YOUR TASK:
What you return must match the listing below character for character, minus any pictures.

SOURCE DATA:

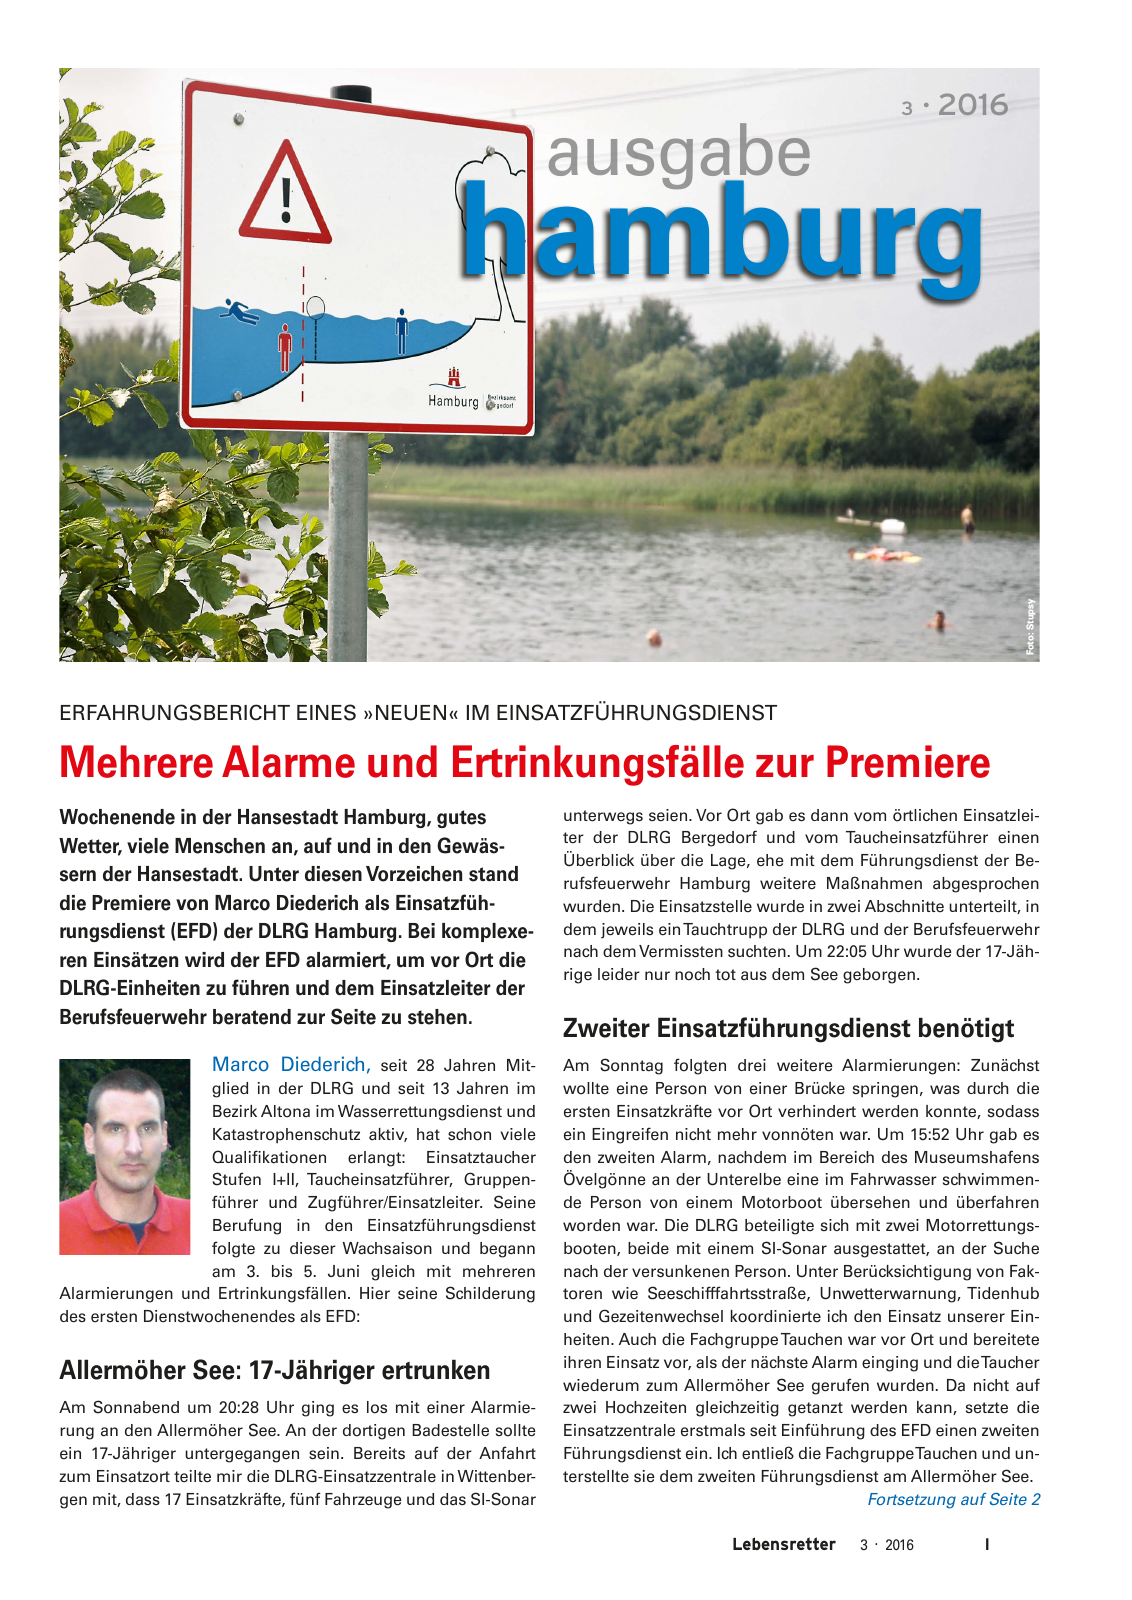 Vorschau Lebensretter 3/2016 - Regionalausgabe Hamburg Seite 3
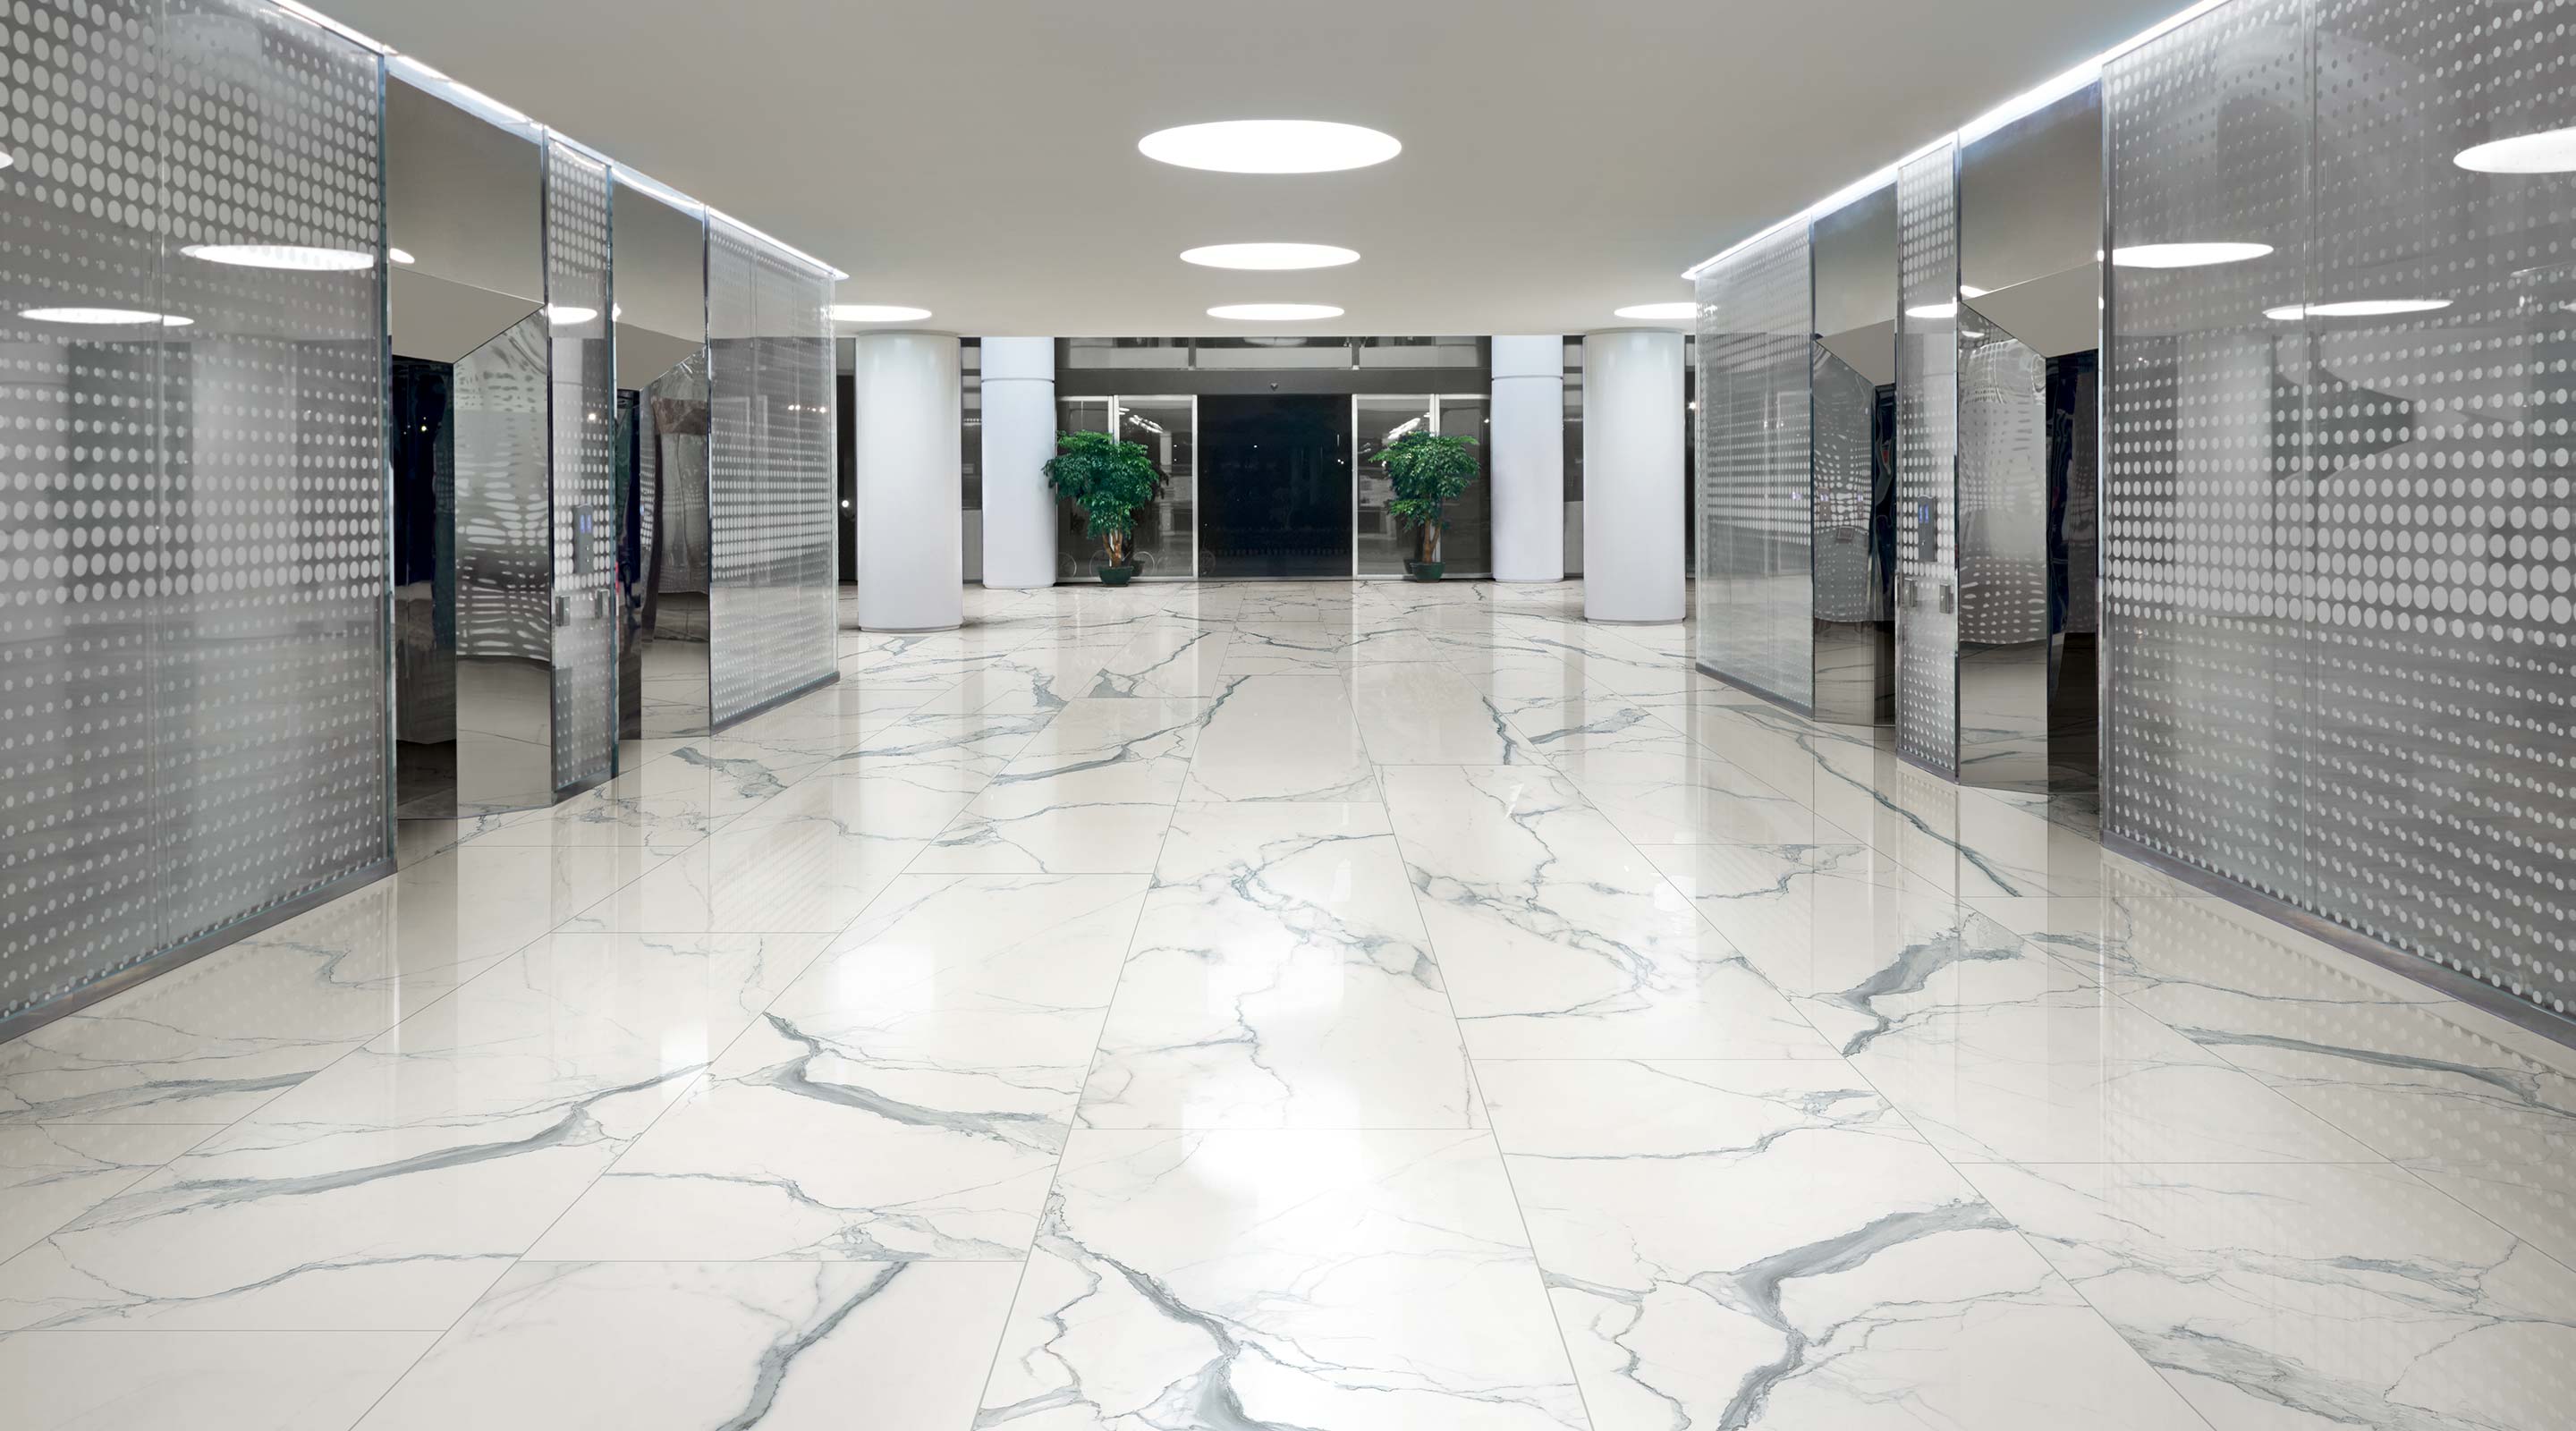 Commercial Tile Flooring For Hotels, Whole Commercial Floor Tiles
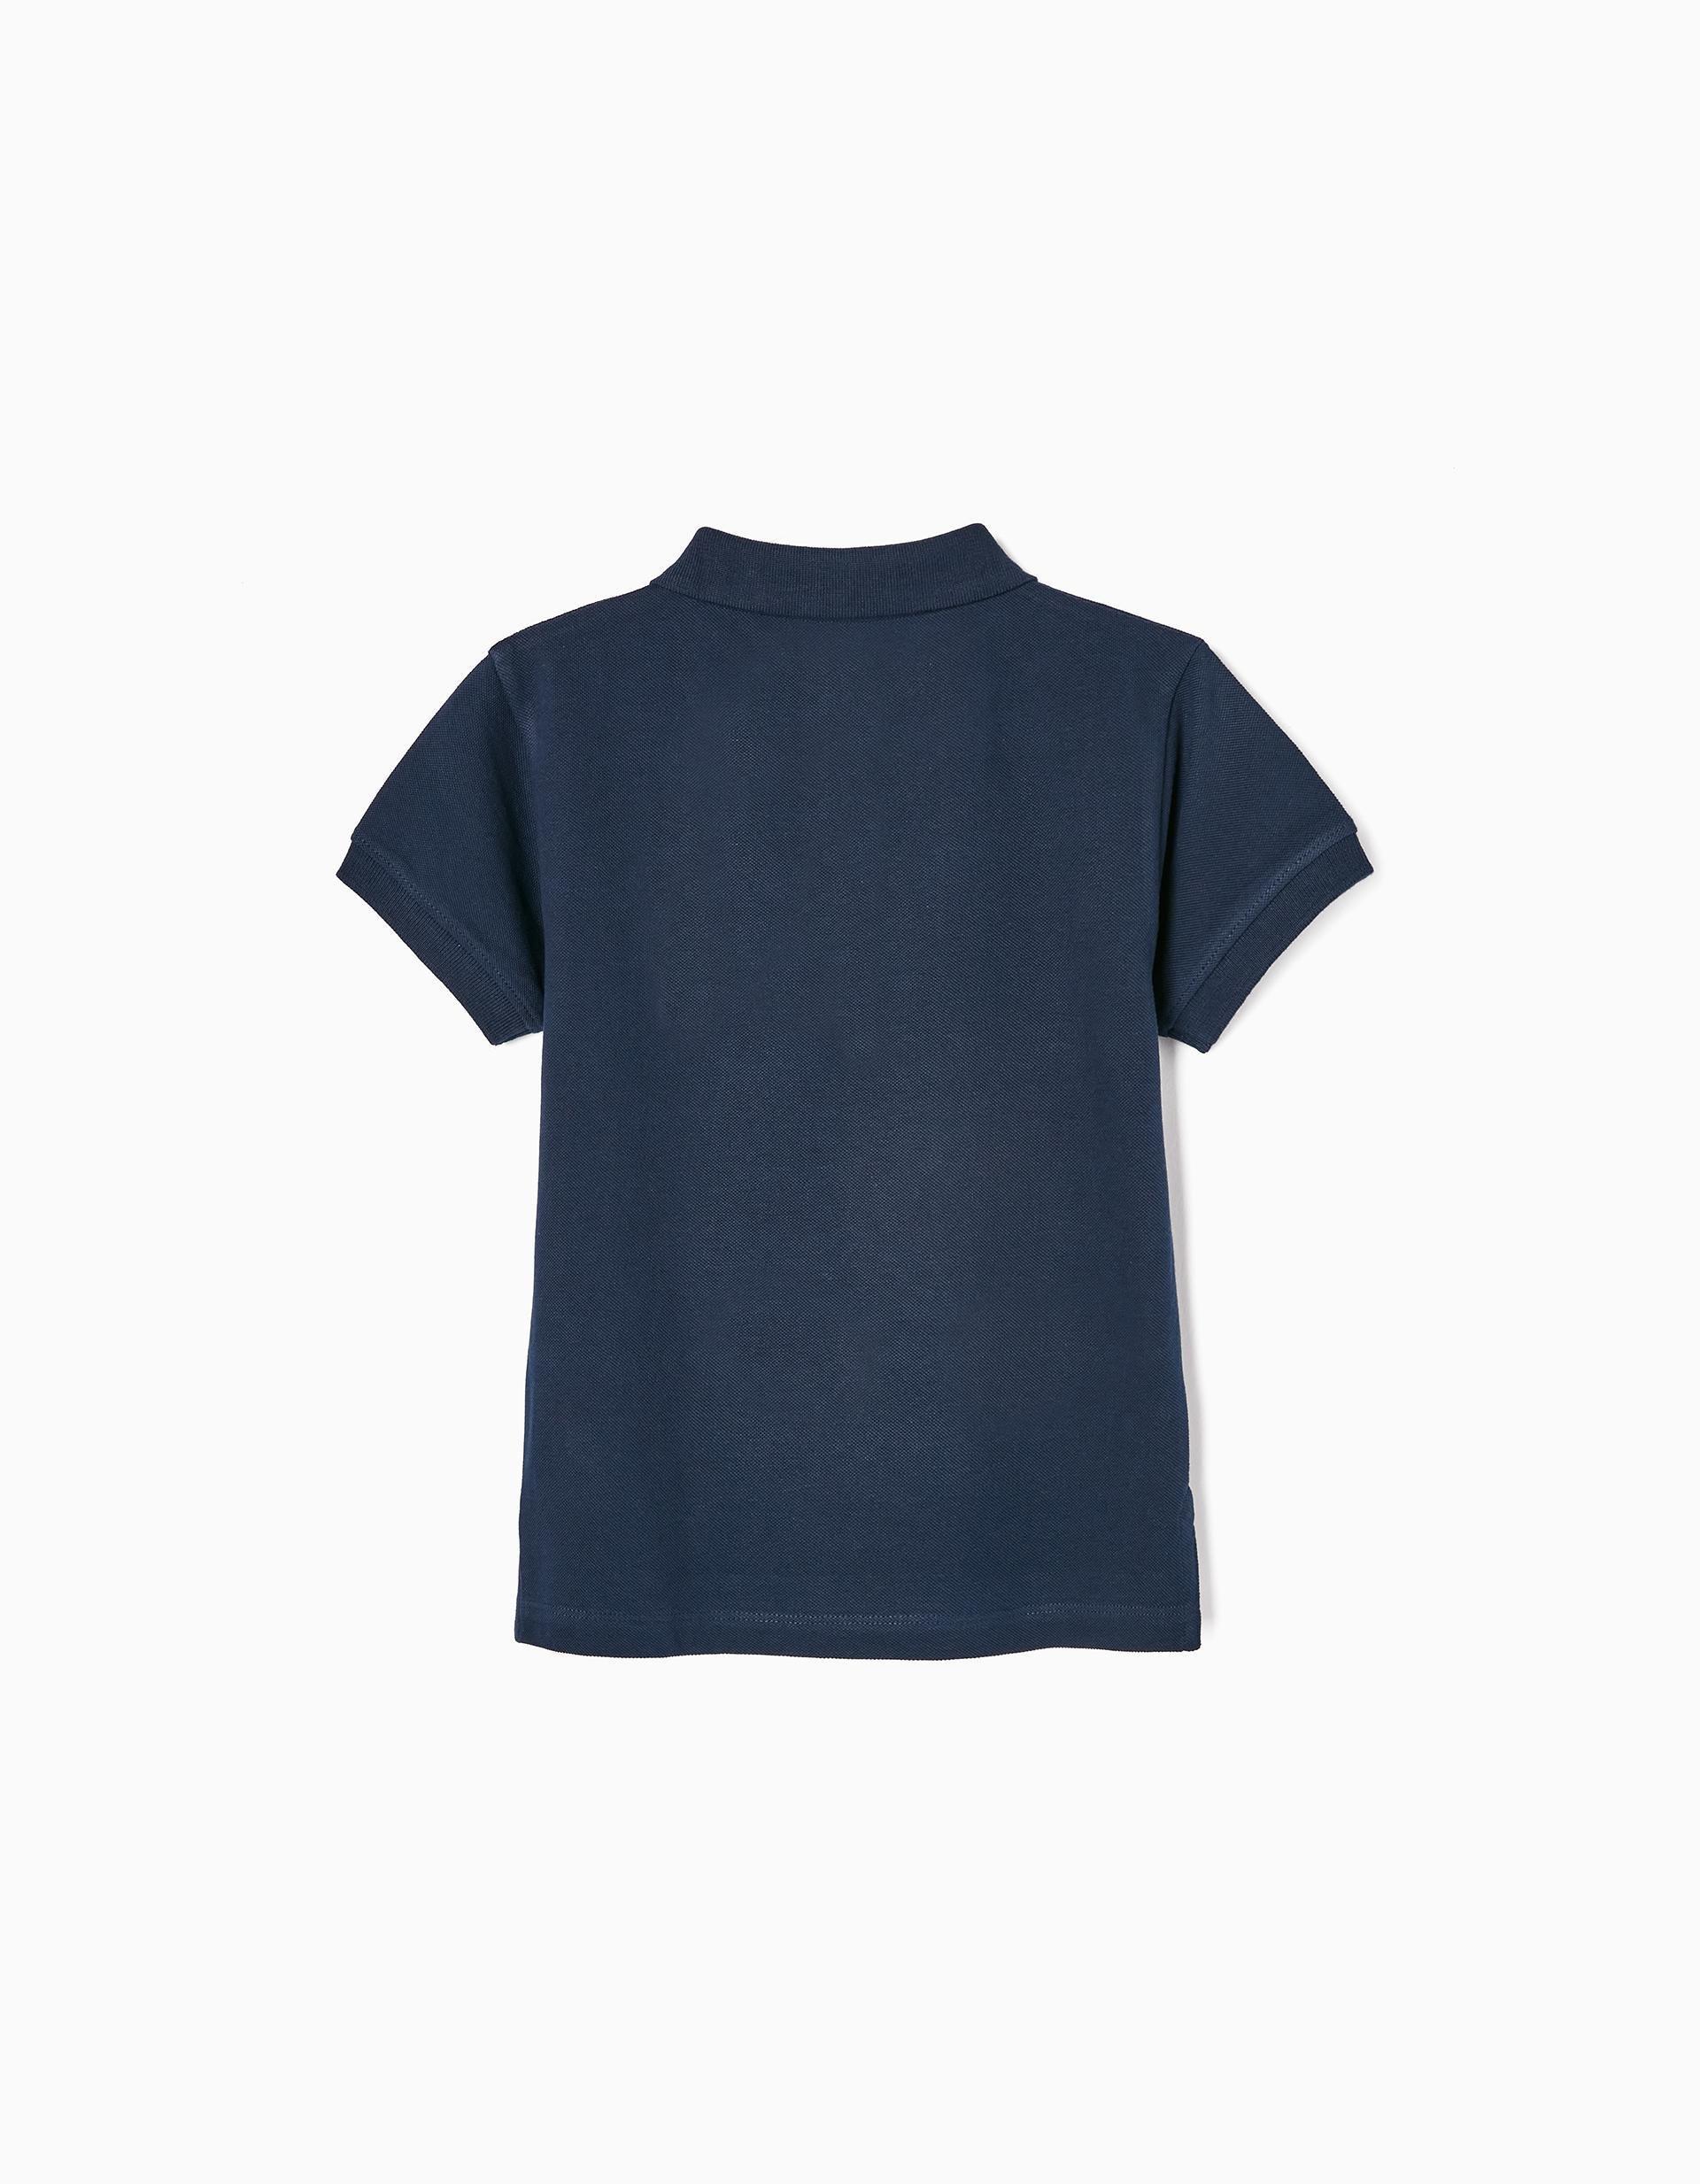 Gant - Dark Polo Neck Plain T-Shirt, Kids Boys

THE COMPLETED TASK:
 Vorschau Lebensretter 3/2016 - Regionalausgabe Hamburg Seite 3
 Commercial Tile Flooring For Hotels, Whole Commercial Floor Tiles
 Gant - Dark Polo Neck Plain T-Shirt, Kids Boys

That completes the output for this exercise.